══ Information shown

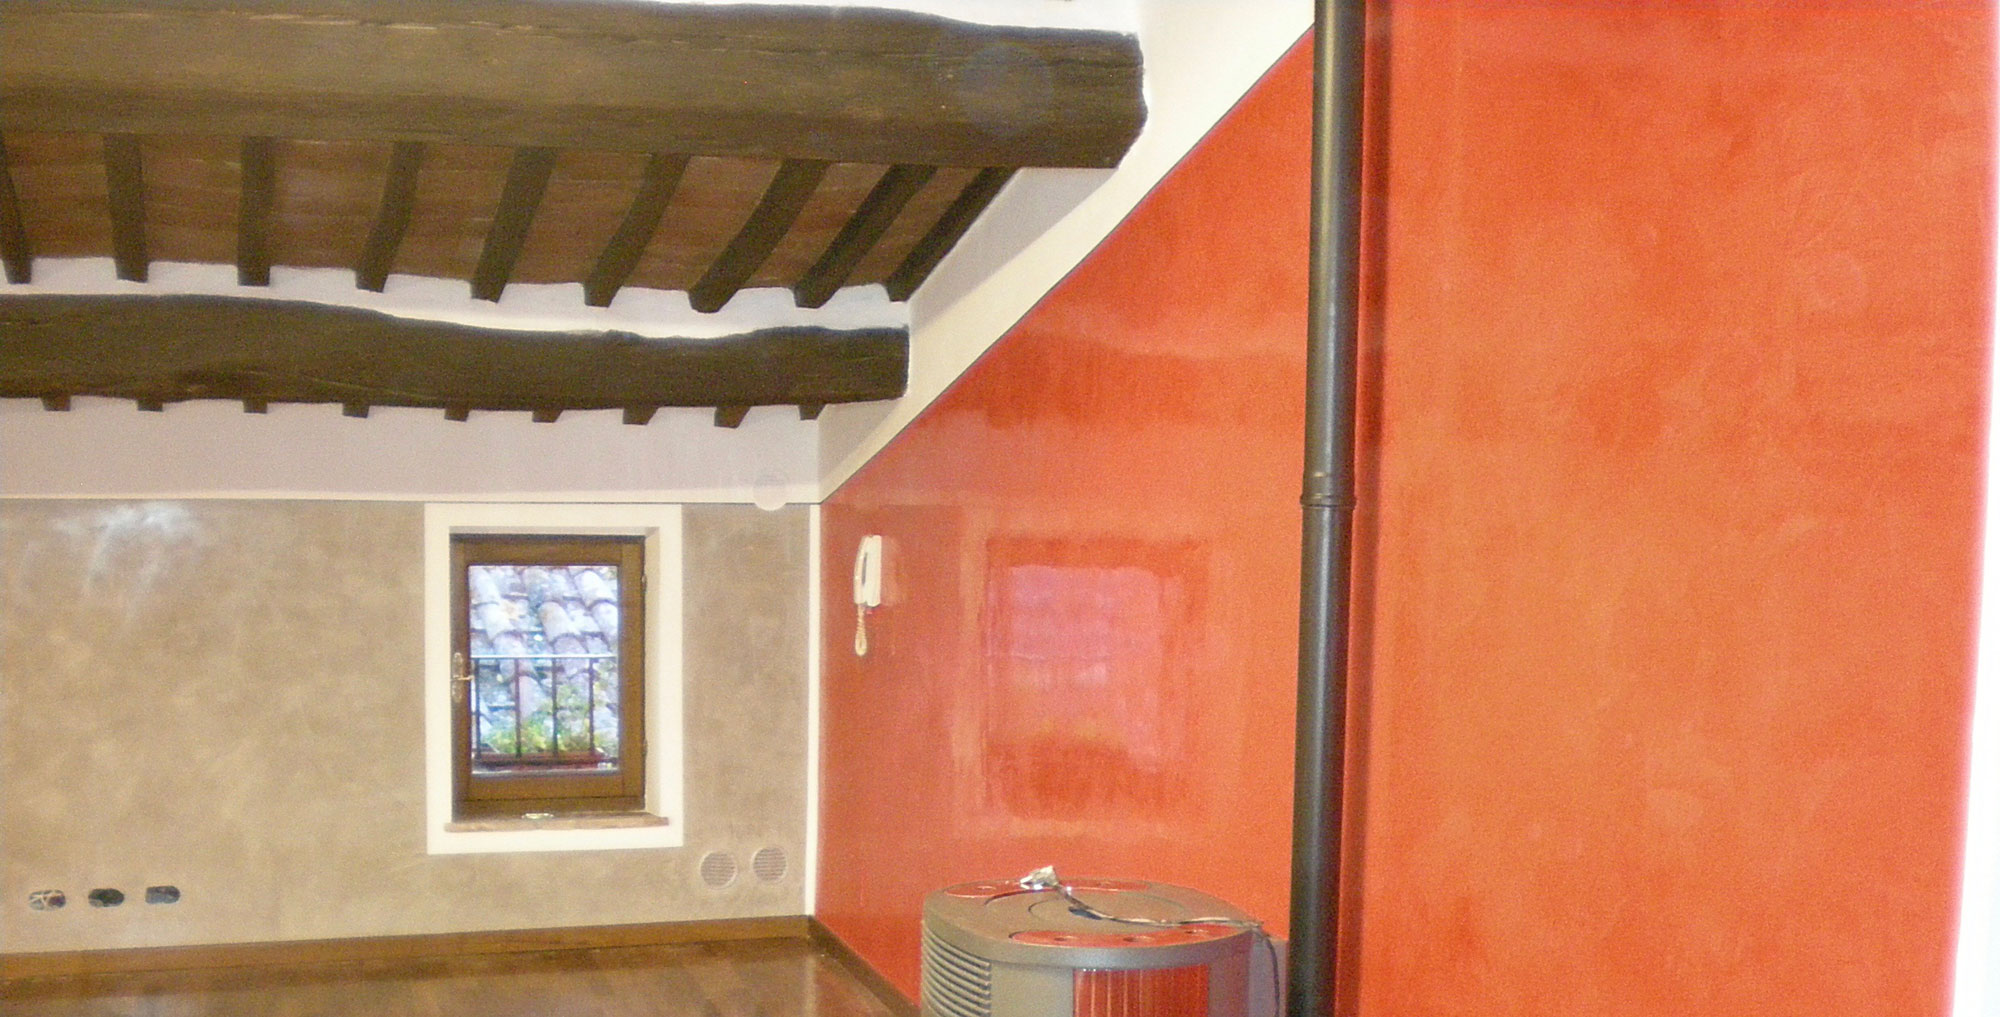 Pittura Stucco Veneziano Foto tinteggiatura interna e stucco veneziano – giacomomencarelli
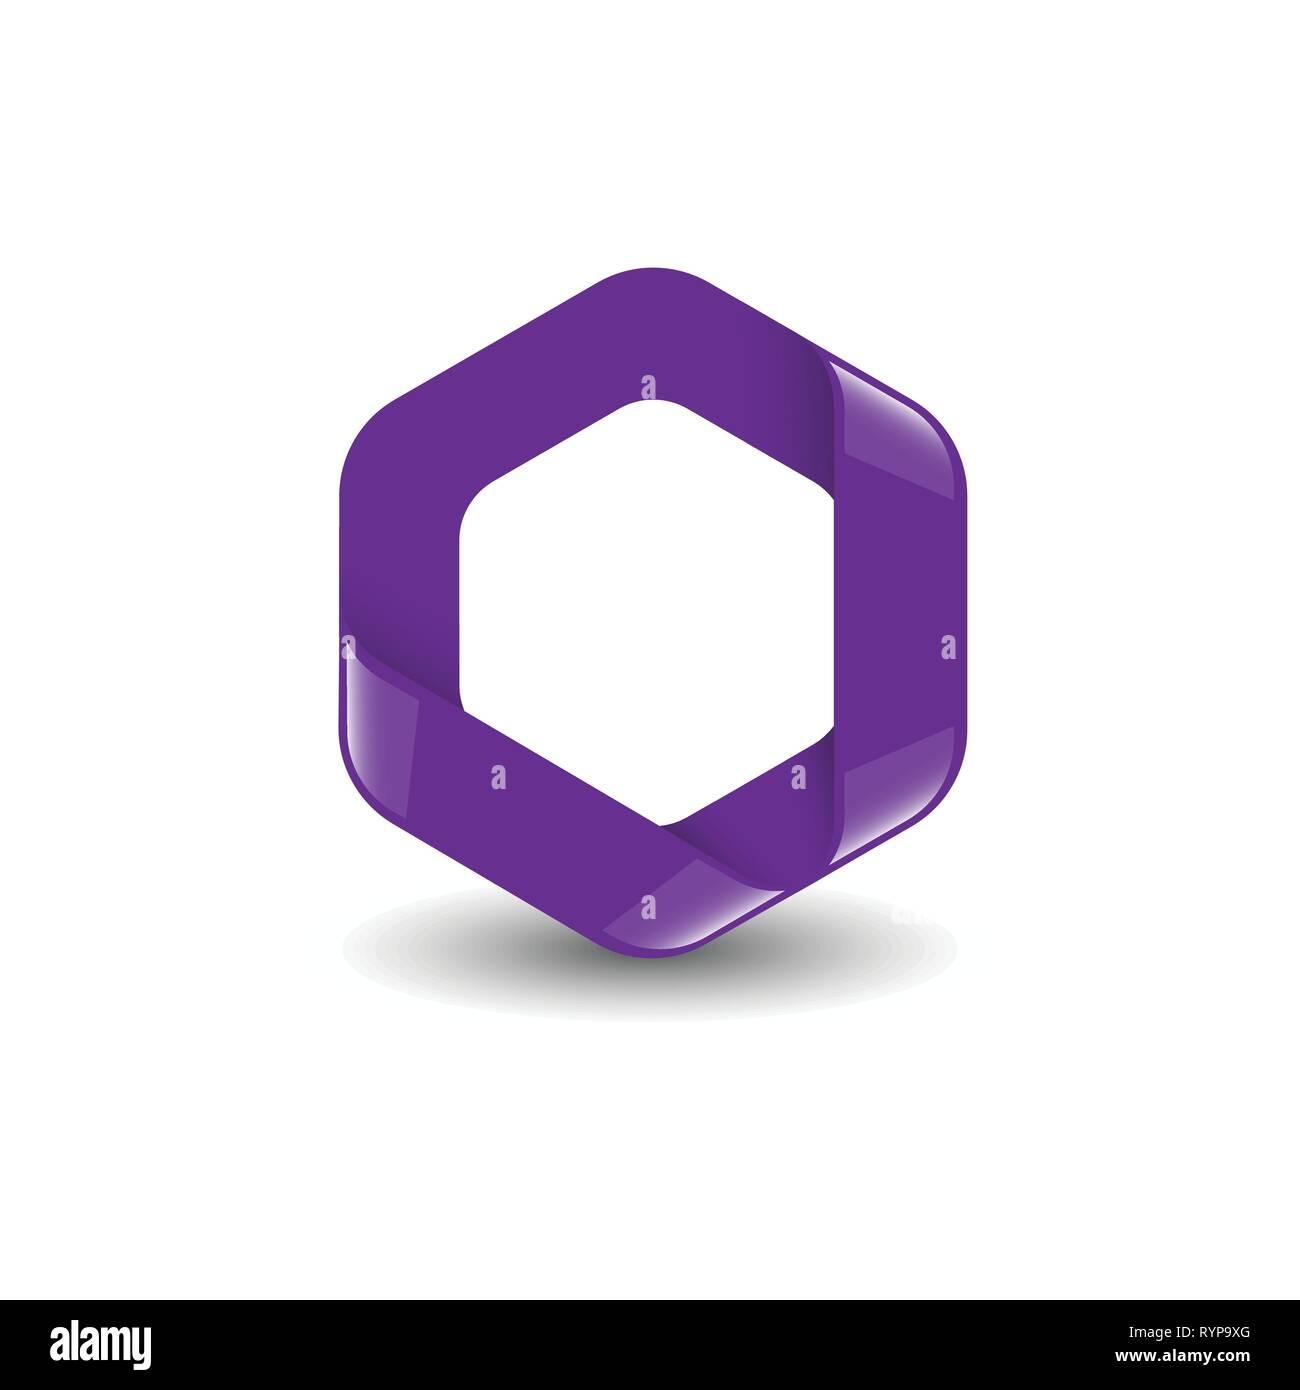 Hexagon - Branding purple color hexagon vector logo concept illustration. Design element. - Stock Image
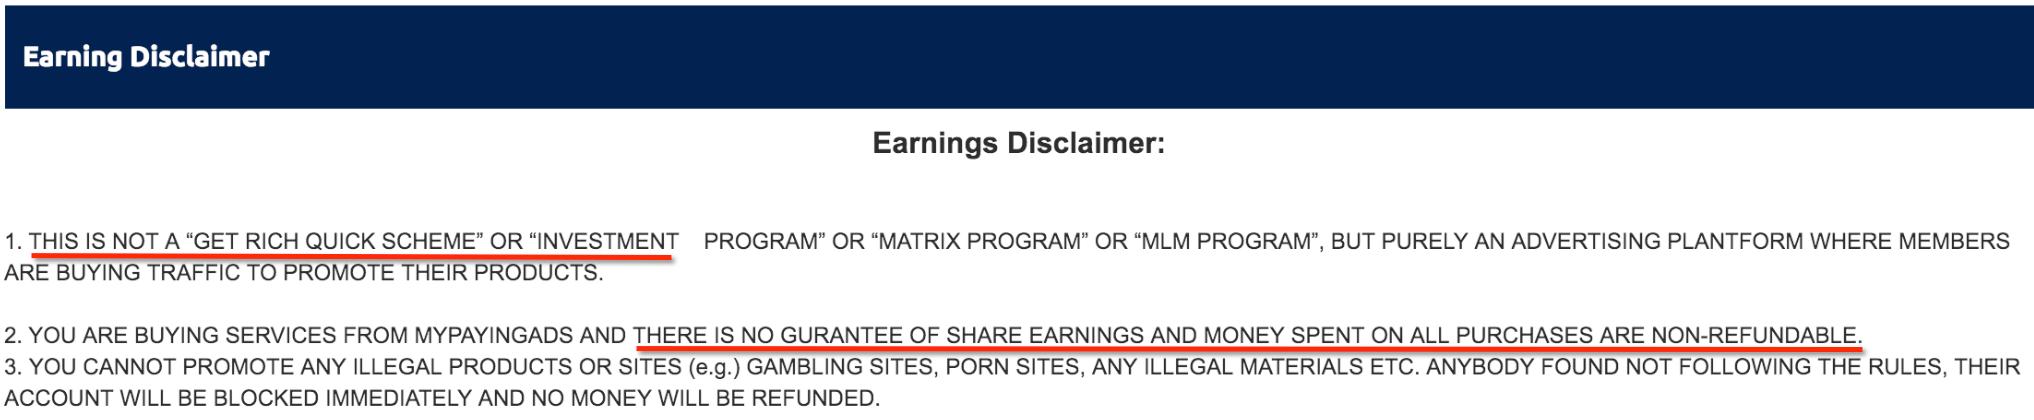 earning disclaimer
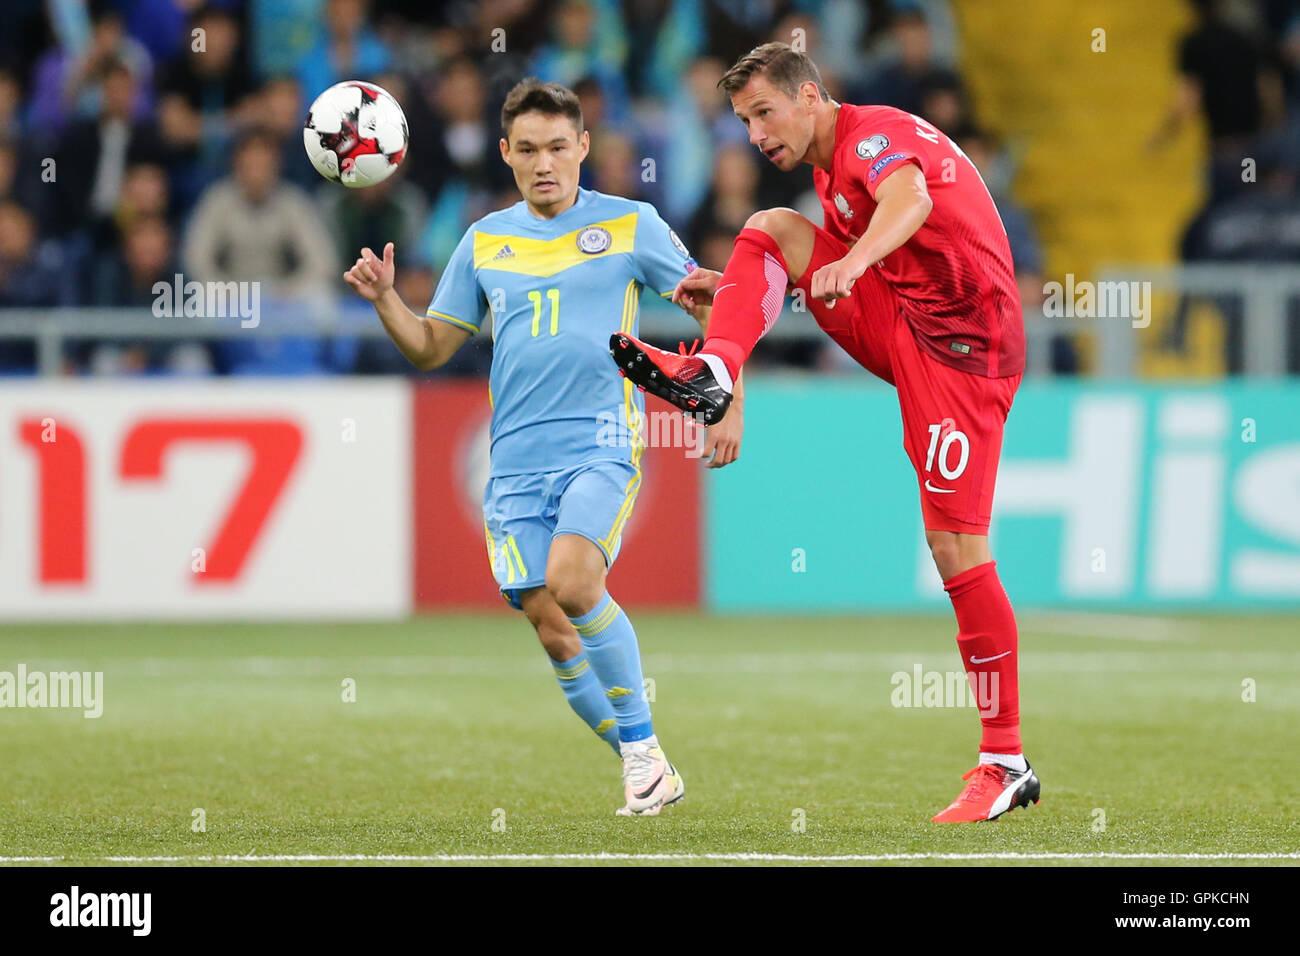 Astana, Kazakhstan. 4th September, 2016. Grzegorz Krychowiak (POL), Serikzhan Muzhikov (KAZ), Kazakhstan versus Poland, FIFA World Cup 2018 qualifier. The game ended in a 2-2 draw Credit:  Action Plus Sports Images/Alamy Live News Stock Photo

════

◆ Instructions to follow
The required answer is an exact copy of the lines from the one containing "Hexagon - Branding" through the last line of the material, with the pictures removed.

◆ Solved problem
 Hexagon - Branding purple color hexagon vector logo concept illustration. Design element. - Stock Image
 earning disclaimer
 Astana, Kazakhstan. 4th September, 2016. Grzegorz Krychowiak (POL), Serikzhan Muzhikov (KAZ), Kazakhstan versus Poland, FIFA World Cup 2018 qualifier. The game ended in a 2-2 draw Credit:  Action Plus Sports Images/Alamy Live News Stock Photo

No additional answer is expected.